● **PROMPT**: Reproduce, exactly and only, the lines of the data that follows from the one containing "Literature: Franco" down to the one containing "Powder Packing Machine", without pictures.

● **COLLECTED DATA**:

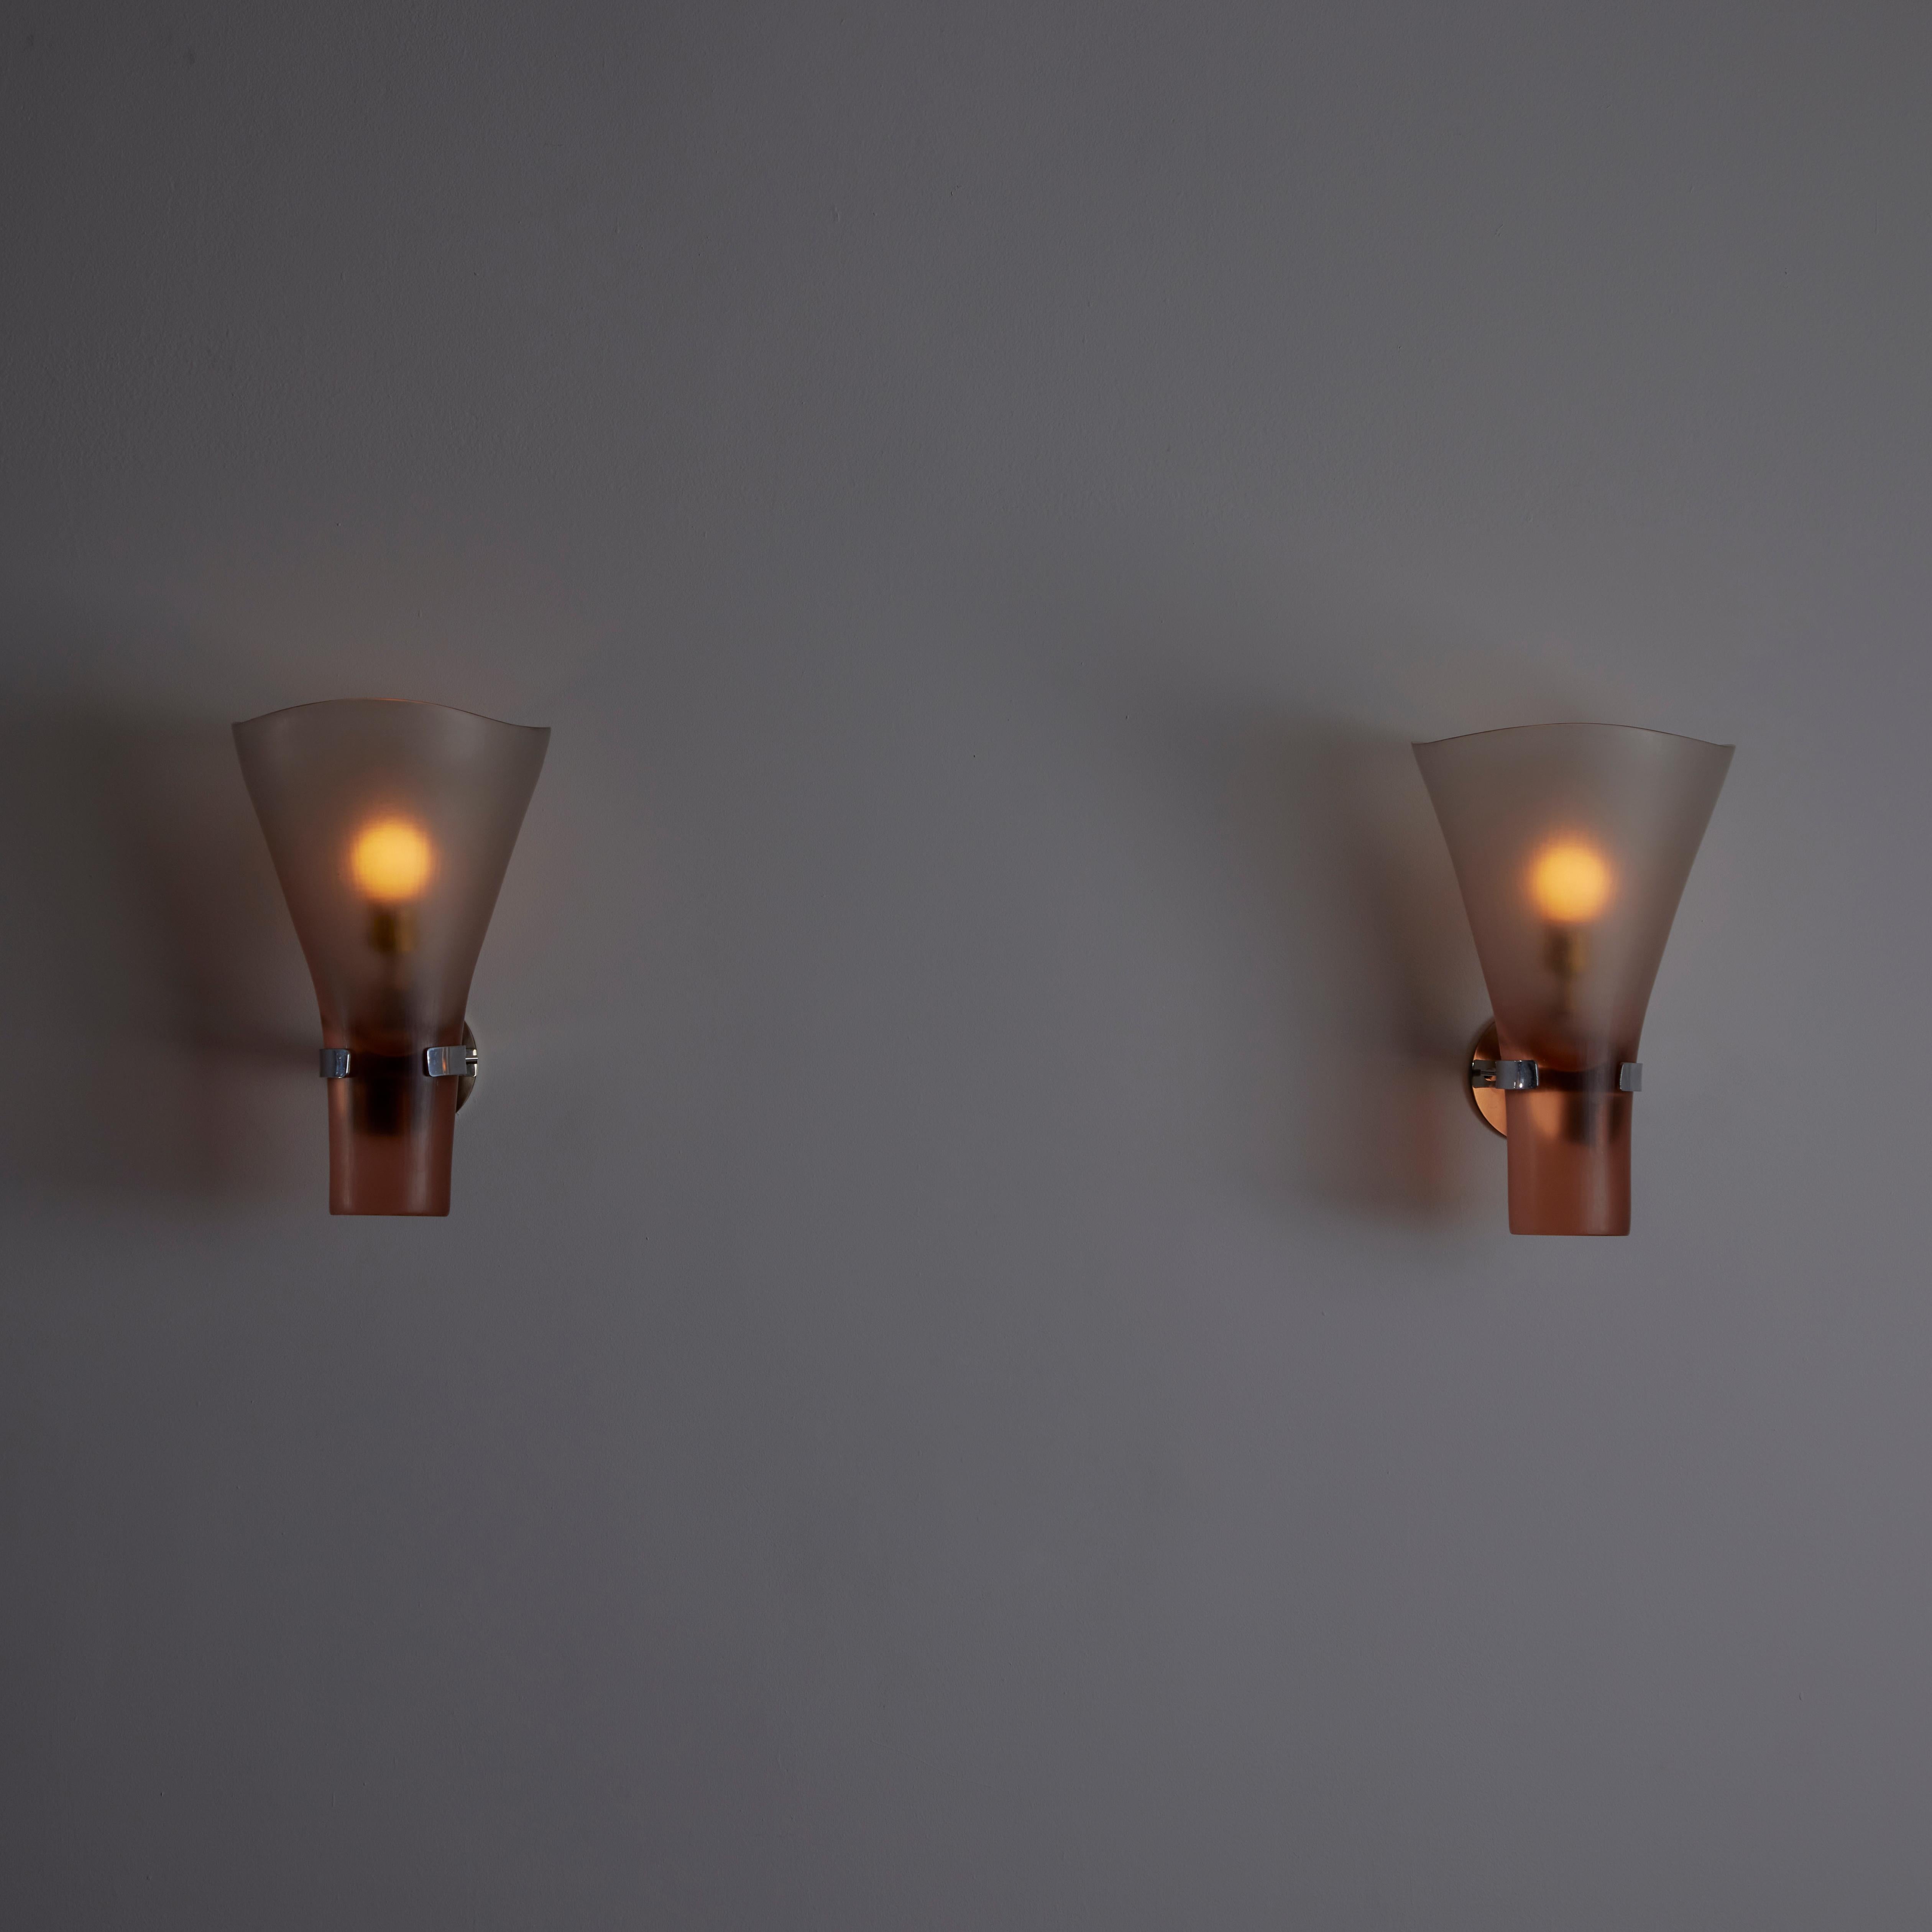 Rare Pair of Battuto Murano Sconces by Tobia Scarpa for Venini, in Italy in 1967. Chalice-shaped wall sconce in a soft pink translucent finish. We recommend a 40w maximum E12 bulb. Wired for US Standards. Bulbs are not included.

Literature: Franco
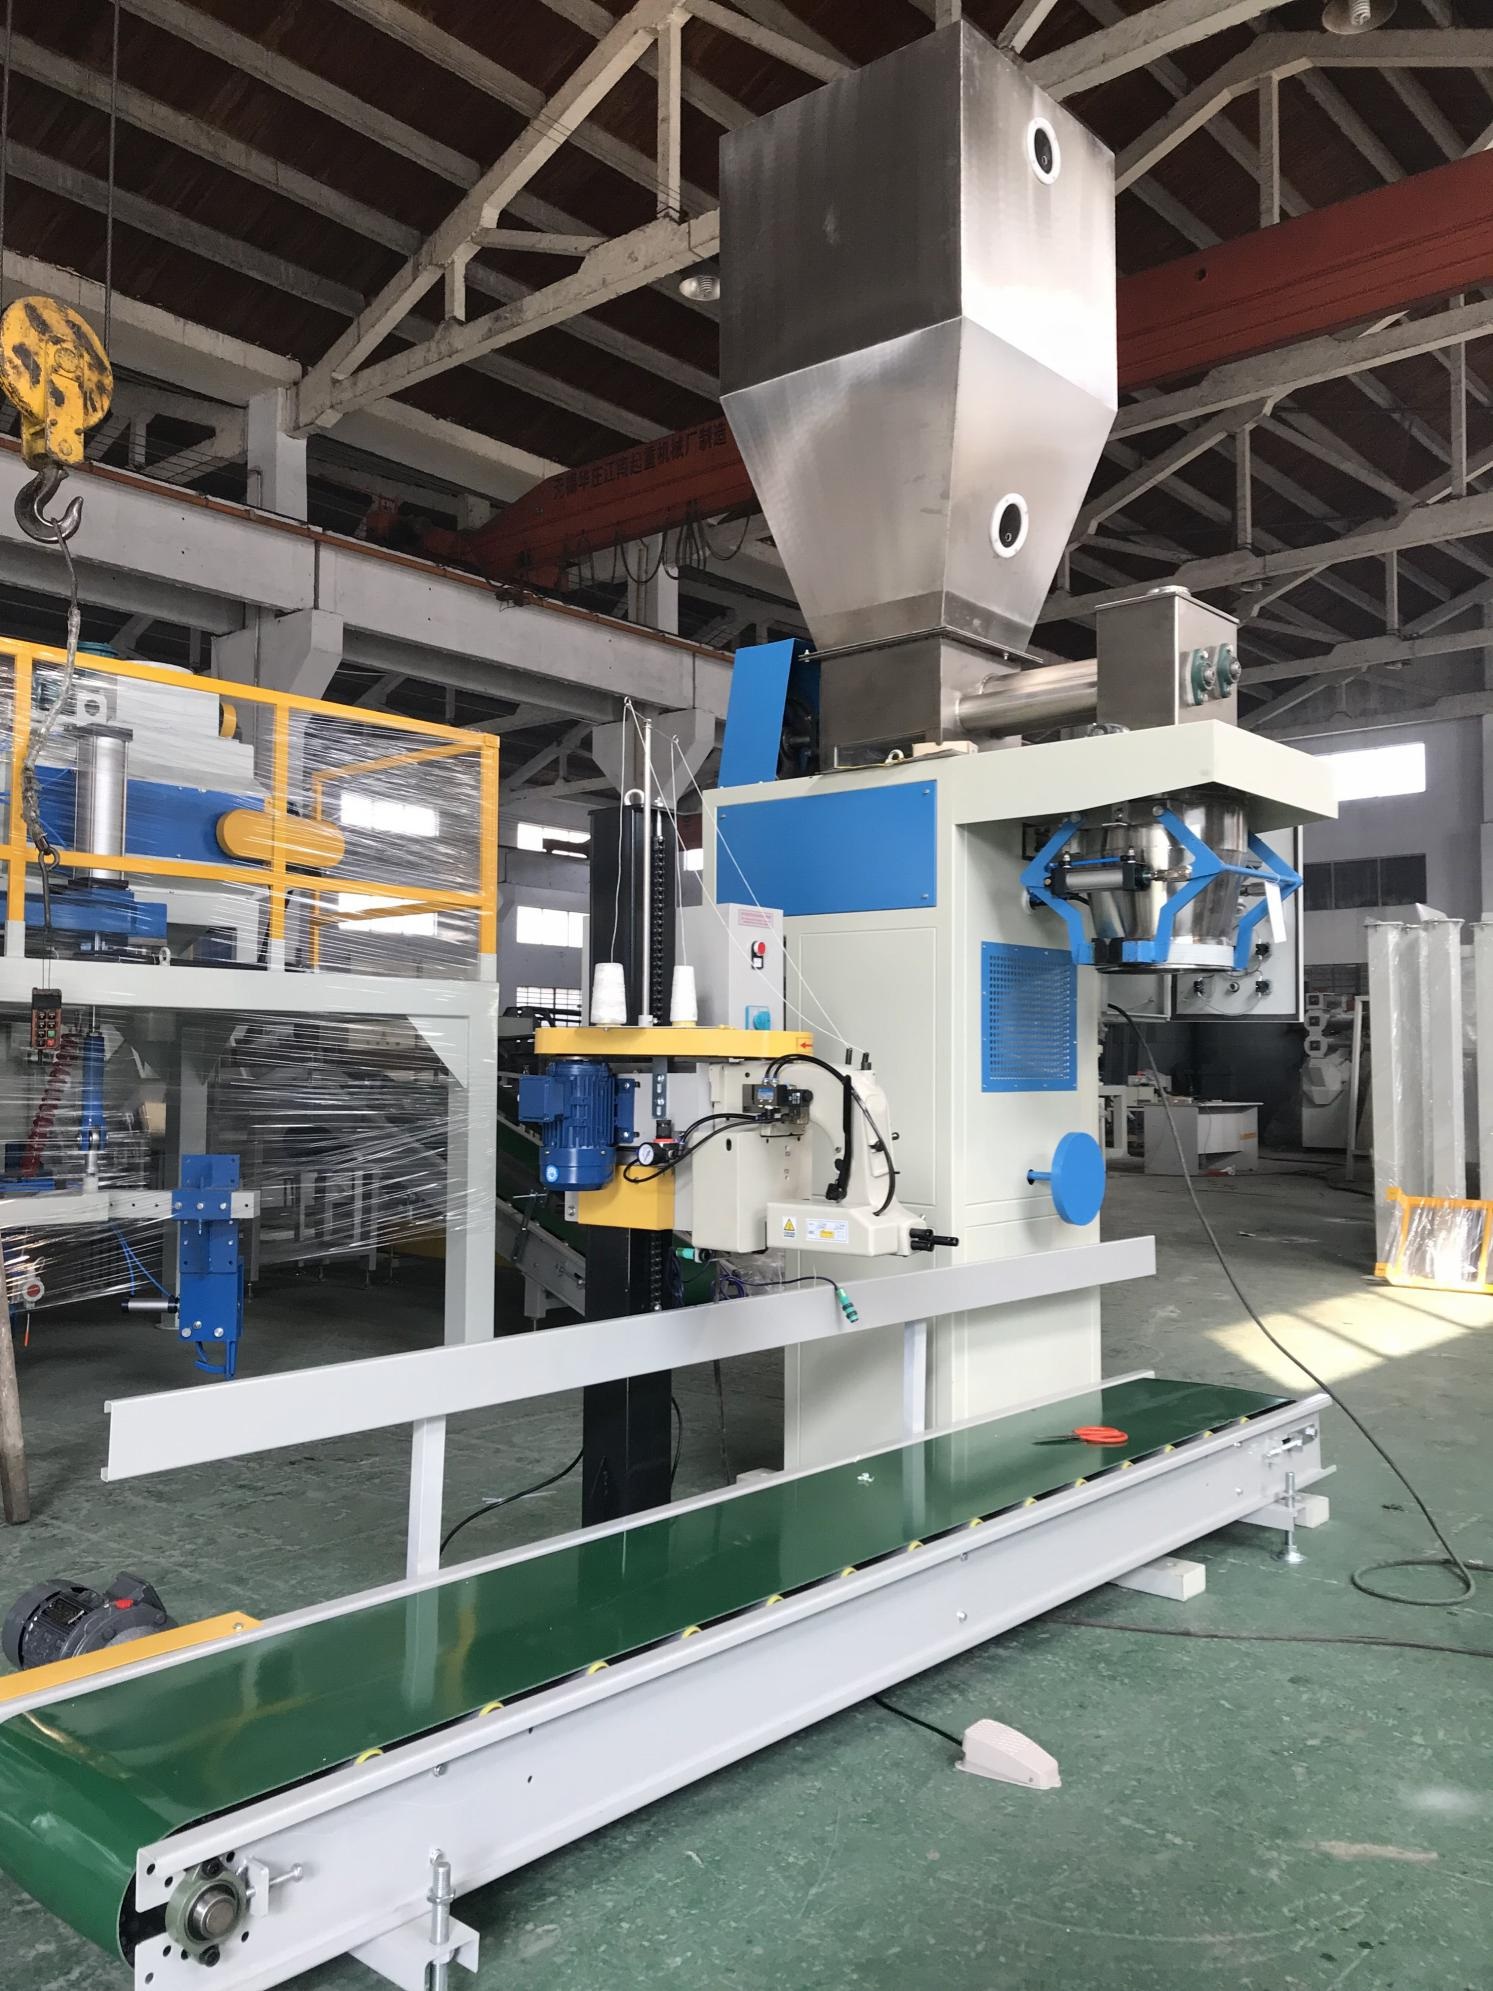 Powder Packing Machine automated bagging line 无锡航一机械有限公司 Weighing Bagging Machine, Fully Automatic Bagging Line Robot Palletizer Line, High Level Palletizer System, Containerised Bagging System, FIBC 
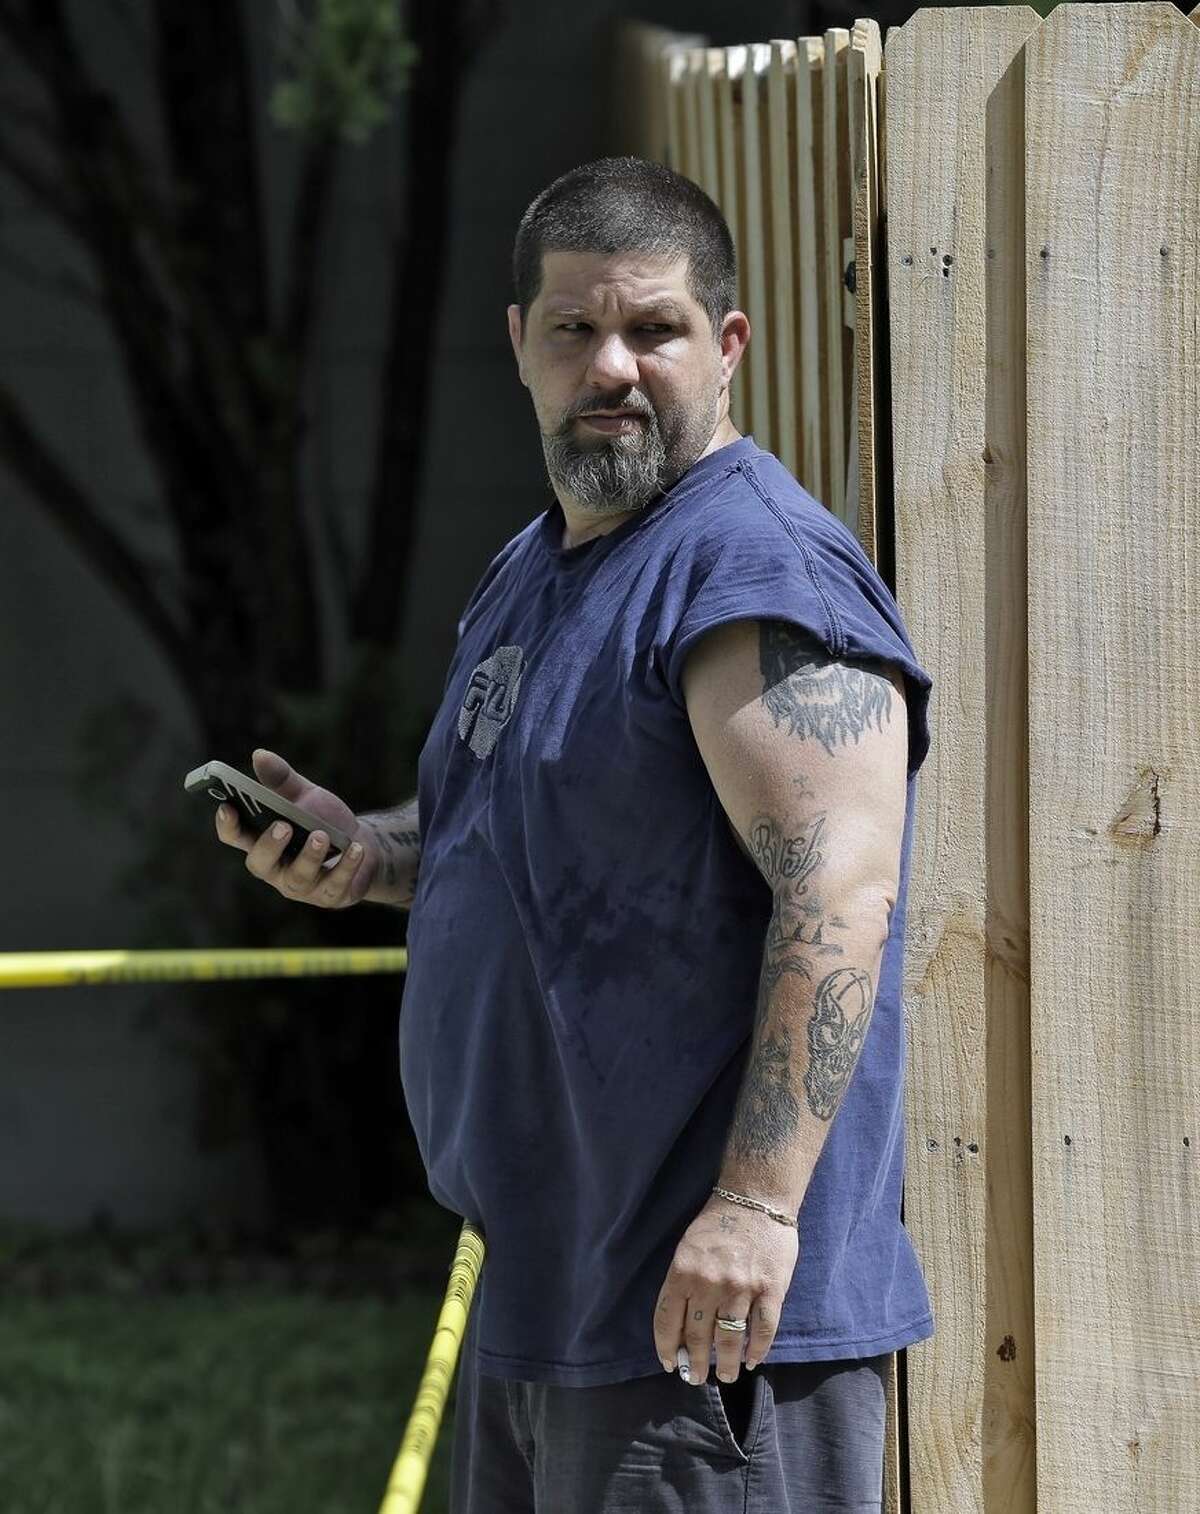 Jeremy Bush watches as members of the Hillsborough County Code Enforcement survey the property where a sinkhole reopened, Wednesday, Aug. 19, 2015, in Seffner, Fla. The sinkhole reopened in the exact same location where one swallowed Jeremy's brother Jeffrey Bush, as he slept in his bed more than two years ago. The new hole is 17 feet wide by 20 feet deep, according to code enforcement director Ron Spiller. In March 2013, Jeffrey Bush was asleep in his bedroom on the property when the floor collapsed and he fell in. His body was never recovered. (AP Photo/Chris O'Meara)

● **ANSWER SECTION**:
Literature: Franco
 Powder Packing Machine automated bagging line 无锡航一机械有限公司 Weighing Bagging Machine, Fully Automatic Bagging Line Robot Palletizer Line, High Level Palletizer System, Containerised Bagging System, FIBC 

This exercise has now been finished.